A physician examines his uric haul.

  • Don’t ever say I haven’t done anything for you. I found you this, this, this … lovely thing … this meditation on urine by Dr. Jonathan Reisman, which I will aver to be the finest piece of urine-centric writing produced in 2016: “I practiced wielding the dipstick and centrifuge, and trained my eyes to recognize clues under the microscope … I began to comprehend urine’s enigmatic language … Today, thankfully, this is no longer necessary, though decoding urine still often feels like being a sommelier … By editing urine out of the bloodstream, kidneys preserve the primordial sea in our blood, maintaining the balance of salt essential to our survival. Without them, and without urine’s salubrious flow, our forebears could never have left the ocean to live on land, just as each newborn baby could never adjust to life outside its personal salty, amniotic sea—itself composed almost wholly from the unborn baby’s urine. So when urine flow slows in illness (when patients report poor urine output or parents tell of fewer wet diapers in sick infants), it is the body fighting to maintain the life-giving ocean inside each of us, our ancestral brine.”

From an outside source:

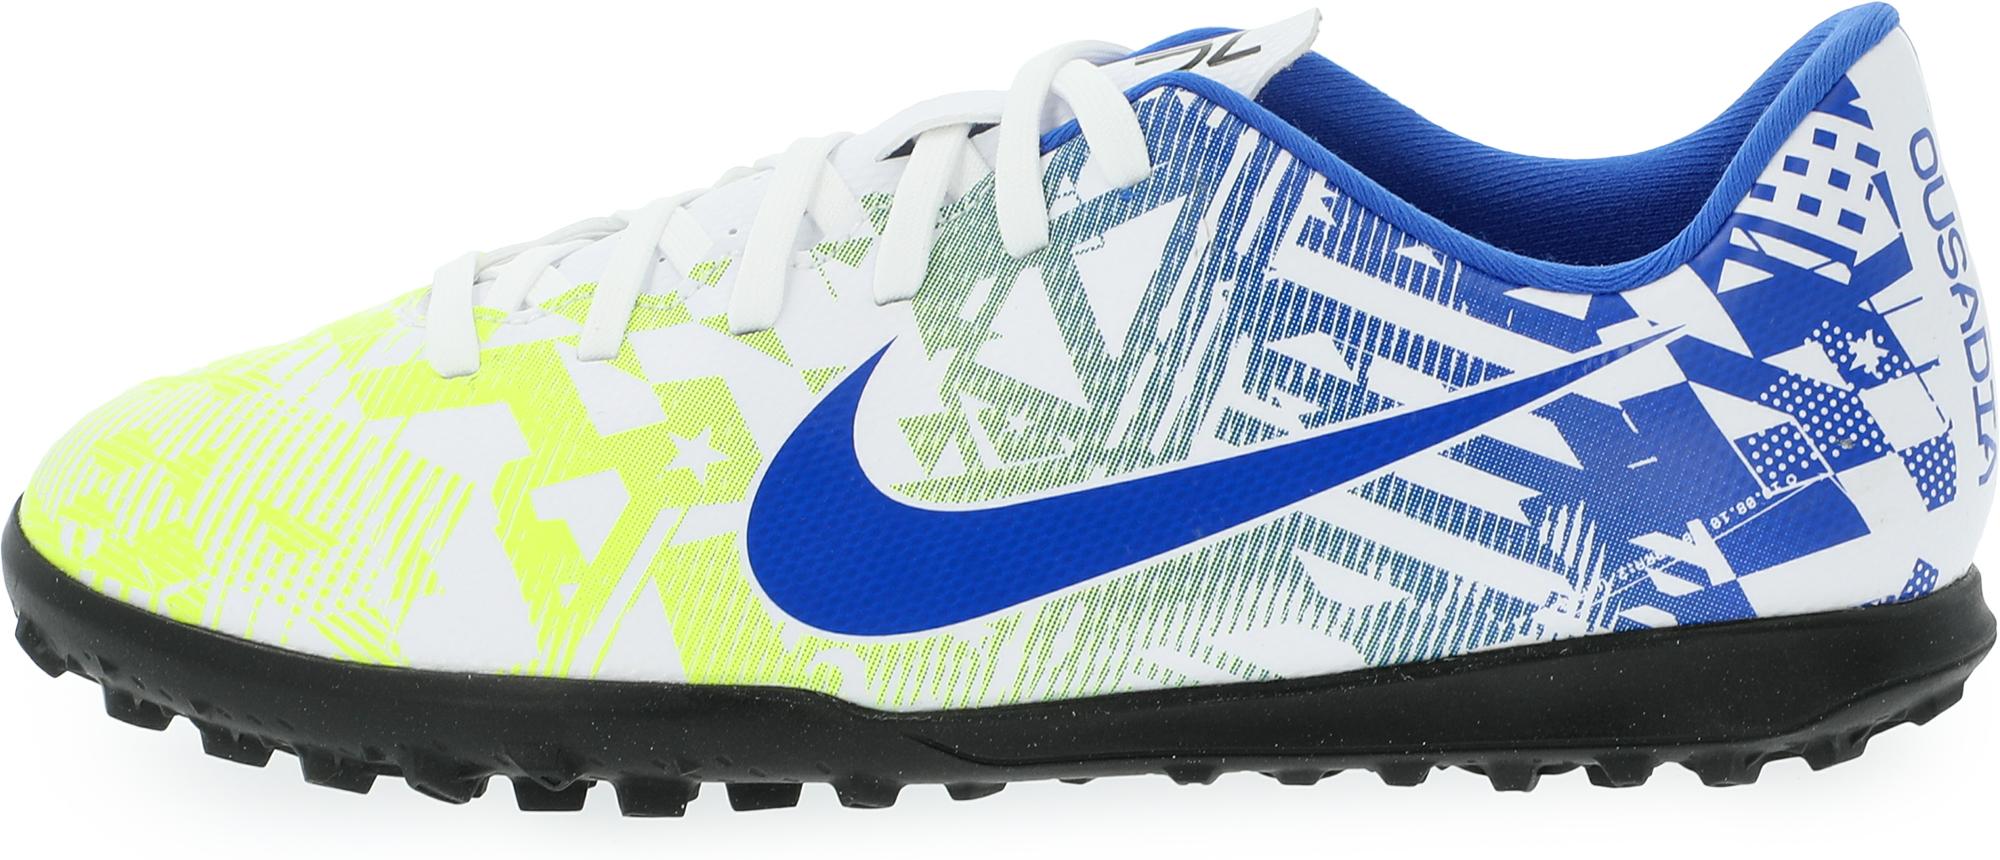 цена Nike Бутсы для мальчиков Nike Jr Vapor 13 Club Njr Tf, размер 35.5 онлайн в 2017 году

  • Tom Bissell wrote a book about video games and then started to write video games themselves—only to discover that it’s much harder than he’d anticipated: “Around 2008 to 2009, when I was working on Extra Lives, all I did was play video games and think ‘I can write better than this shit!’ … Here’s the interesting thing: every single person I know who crossed over from writing about video games to writing video games has had that belief rudely shattered in the first month of the job. It’s way harder than you can imagine, it’s way more stressful than you can imagine … The difficulty all has to do with the fact that you’re writing a story completely out of order … You have very little awareness of what the gameplay leading up to it and coming out of it is going to be. There aren’t even levels yet. You’re writing scenes that are planted in the middle of this completely unknown ether.”

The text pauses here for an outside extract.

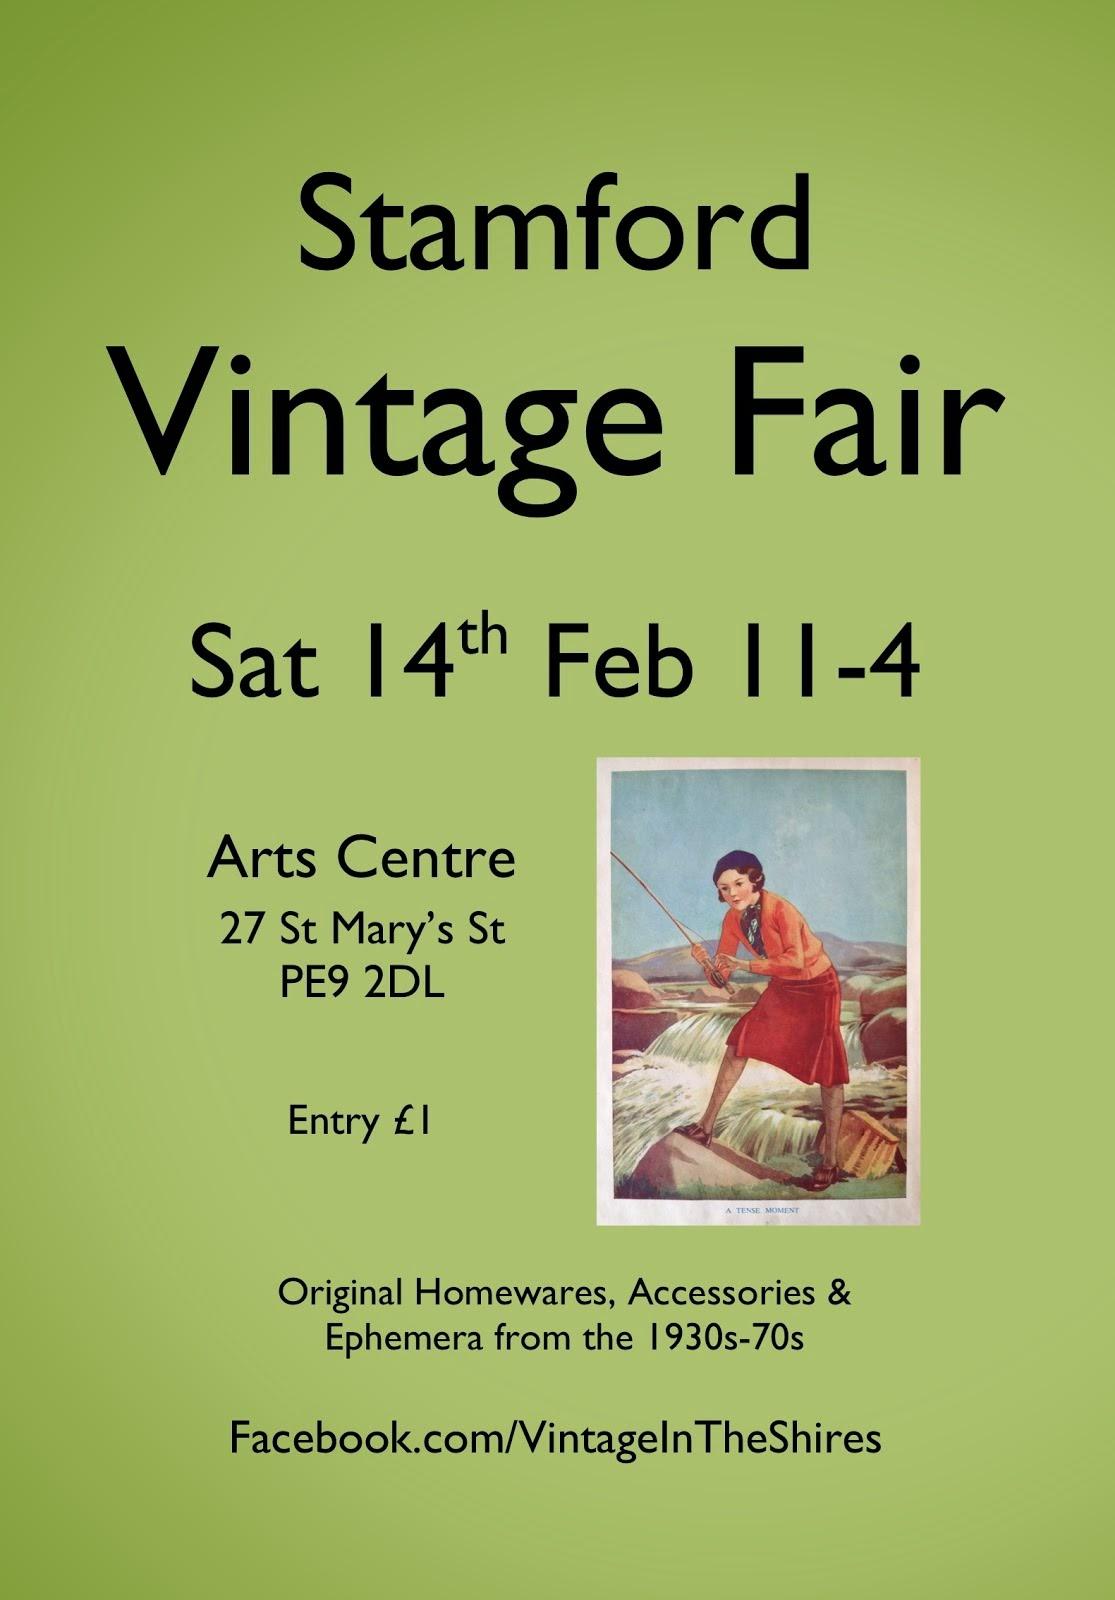 Stamford Vintage Fair

  • Los Angeles has seen maybe more intentional communities than any other city in the world—it’s ground zero for utopian urban planners. Bonnie Johnson looks back at a few of the more notable efforts in its history: “Job Harriman, a lawyer, former clergyman, and one-time running mate to socialist Eugene V. Debs on the national ticket, narrowly lost the LA mayoral election in 1911. Setting out to demonstrate a socialist alternative, he leveraged local friends to buy 9,000 acres with water rights at the site of a former temperance colony about forty-five miles north. He appointed a board and began selling stock for Llano del Rio … Six months after its opening in 1914, the colony had grown to 150 people, in addition to many farm animals, and had a post office, dairy, and laundry. Using local materials, the colonists built a meeting hall and hotel, as well as an aqueduct and water tank connected to nearby Big Rock Creek. At first, members lived in tents and dormitories, then in small adobe houses. Like Gilman and other feminist thinkers, site planner Alice Constance Austin envisioned kitchen-free homes with communal daycare, though Llano ultimately fell short of her designs. Largely populated by western farmers and businessmen and their families, the development grew to 1,100 and produced almost all of its own food, planting orchards, alfalfa, corn, and grain. The colonists also wove textiles and ran a print shop for their paper. The schools were Montessori-style, hands-on, and encouraged self-rule. The group held picnics, shows, and ball games; its twice-weekly dances were a legendary highlight.”